Look into the polyethylene glycol products.

As pointed out, the problem is, you need it dry and drying is its enemy.

If you can replace moisture that is lost as it's lost, you win. That's where the glycol can help. However, it can fight with some finishes.

You can also experiment. Thin some motor oil and apply it, as the wood dries. Be religious about it. The oil swells the wood, just as water does.

Start out with about a 30% thin. When the wood seems to have stabilized, seal it with a poly.


----------



## Stick486 (Jan 4, 2013)

Dejure said:


> Look into the polyethylene glycol products.
> 
> As pointed out, the problem is, you need it dry and drying is its enemy.
> 
> ...


You serious???


----------



## bryansong (Mar 4, 2015)

Last night I ordered some canning wax from Amazon (because it's easy to get that way) and I will be applying wax to both sides of my piece of walnut. I'll stash it in an out of the way place and let it sit, and if it does crack up I probably will still use it, as been mentioned here it'll add character. Or it would make nice cutting board pieces (also mention).

What I don't want it to become is an obstacle that I have to keep moving from place to place because it's in the way so I'll have to find a good out of the way place.


----------



## DaninVan (Jan 1, 2012)

Maybe someone can offer some V.o. E. advice, but how about storing it on edge? Still not in direct contact with concrete though.


----------



## mark greenbaum (Sep 26, 2010)

If that end cut has the pith in it - it will craCK, NO MATTER WHAT YOU DO. Sealing the ends with even latex paint can slow it down, and AnchorSeal is probably the best OTC sealer out there. Expensive. Paraffin or canning wax can help, but with the center of the tree still on the end cut, sorry - you will have at least a very pronounced crack radiating from the pith outwards. As a woodturner of fresh cut locally salvaged wood, I've learned the hard way. It really pithes me off sometimes .


----------



## Bob Adams (Jul 5, 2014)

bryansong said:


> Last night I ordered some canning wax from Amazon (because it's easy to get that way) and I will be applying wax to both sides of my piece of walnut.

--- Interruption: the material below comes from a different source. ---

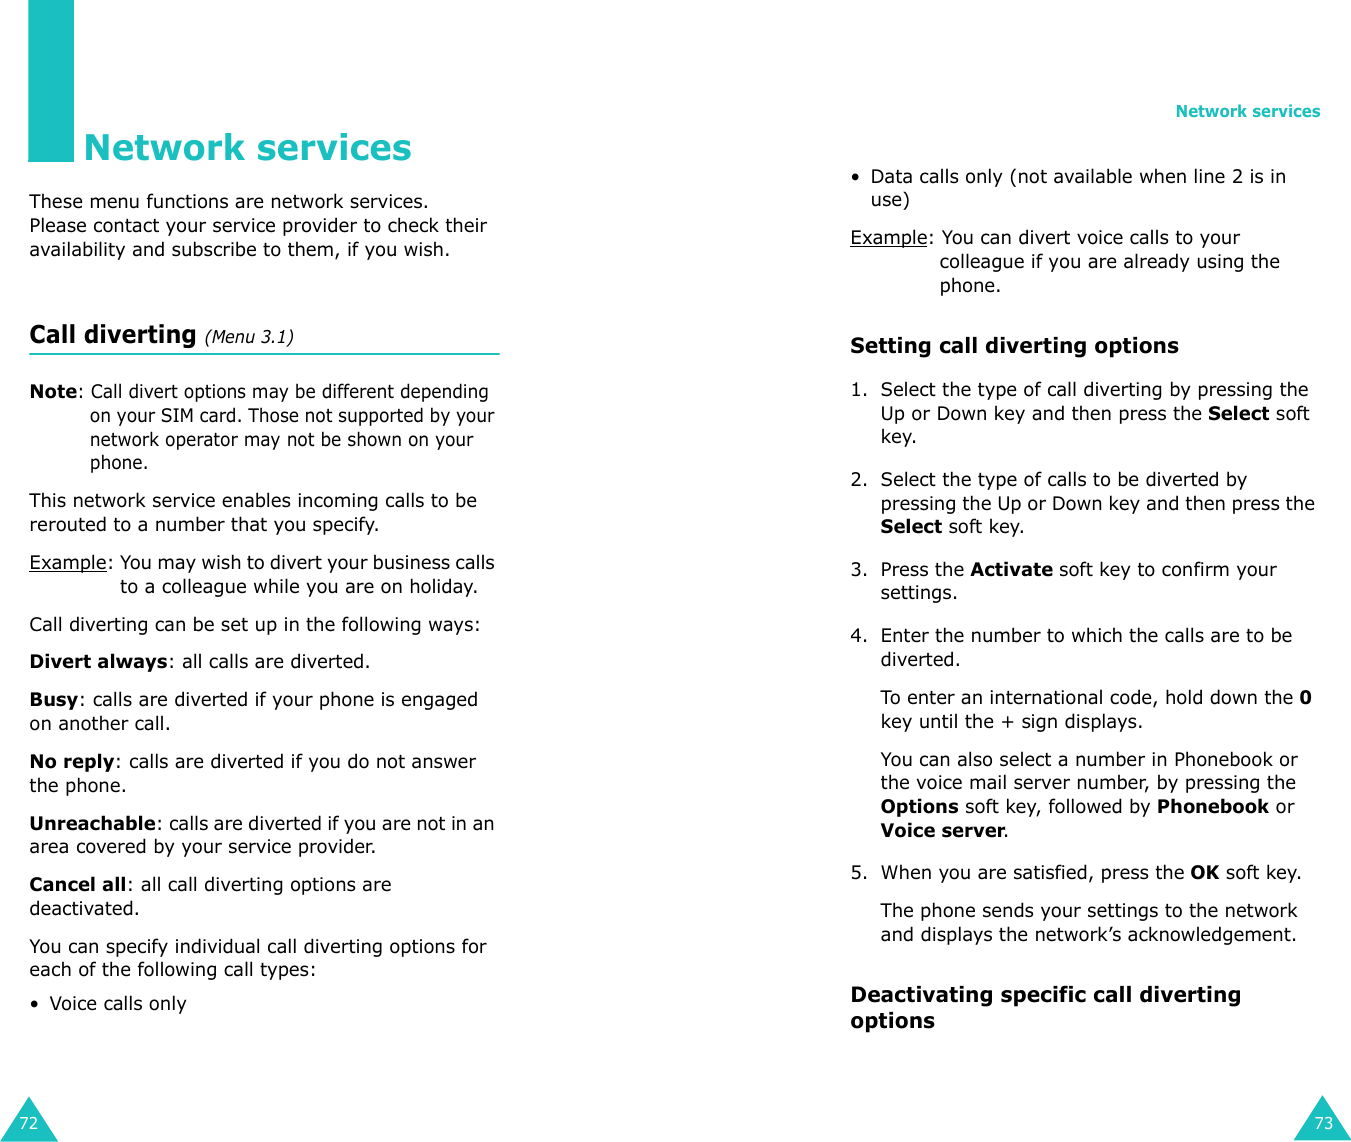 72Network servicesThese menu functions are network services.Please contact your service provider to check their availability and subscribe to them, if you wish.Call diverting (Menu 3.1)Note: Call divert options may be different depending on your SIM card. Those not supported by your network operator may not be shown on your phone.This network service enables incoming calls to be rerouted to a number that you specify.Example: You may wish to divert your business calls to a colleague while you are on holiday.Call diverting can be set up in the following ways:Divert always: all calls are diverted.Busy: calls are diverted if your phone is engaged on another call.No reply: calls are diverted if you do not answer the phone.Unreachable: calls are diverted if you are not in an area covered by your service provider.Cancel all: all call diverting options are deactivated.You can specify individual call diverting options for each of the following call types:• Voice calls onlyNetwork services73• Data calls only (not available when line 2 is in use)Example: You can divert voice calls to your colleague if you are already using the phone.Setting call diverting options1. Select the type of call diverting by pressing the Up or Down key and then press the Select soft key.2. Select the type of calls to be diverted by pressing the Up or Down key and then press the Select soft key.3. Press the Activate soft key to confirm your settings.4. Enter the number to which the calls are to be diverted.To enter an international code, hold down the 0 key until the + sign displays. You can also select a number in Phonebook or the voice mail server number, by pressing the Options soft key, followed by Phonebook or Voice server.5. When you are satisfied, press the OK soft key. The phone sends your settings to the network and displays the network’s acknowledgement.Deactivating specific call diverting options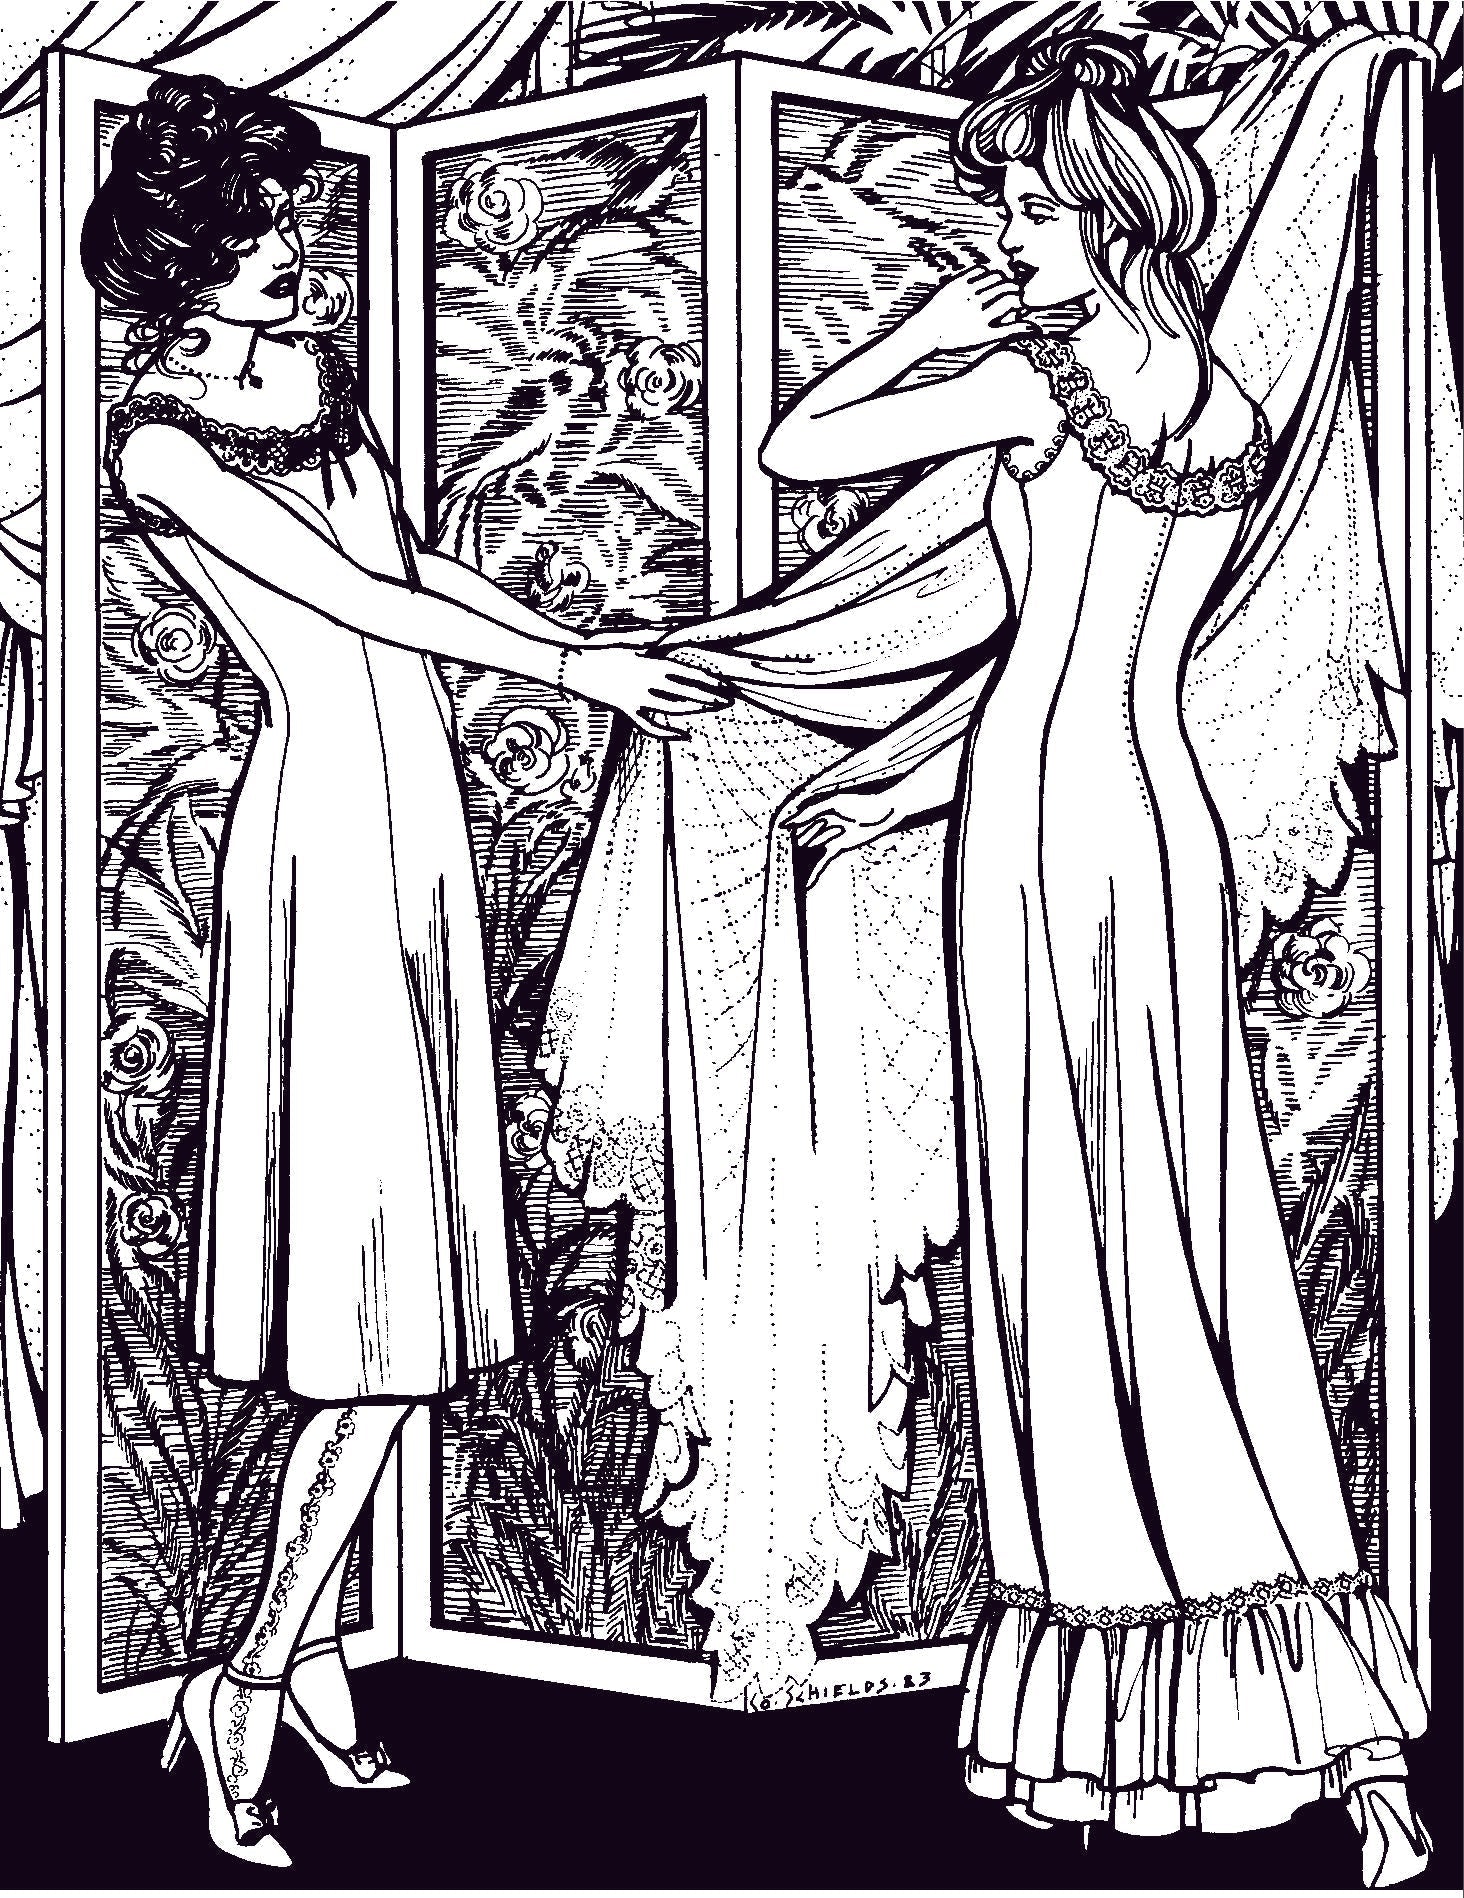 Pen and ink illustration of two women wearing the slips and looking at fabric on a dress hanging on a screen.

I'll stash it in an out of the way place and let it sit, and if it does crack up I probably will still use it, as been mentioned here it'll add character. Or it would make nice cutting board pieces (also mention).
> 
> What I don't want it to become is an obstacle that I have to keep moving from place to place because it's in the way so I'll have to find a good out of the way place.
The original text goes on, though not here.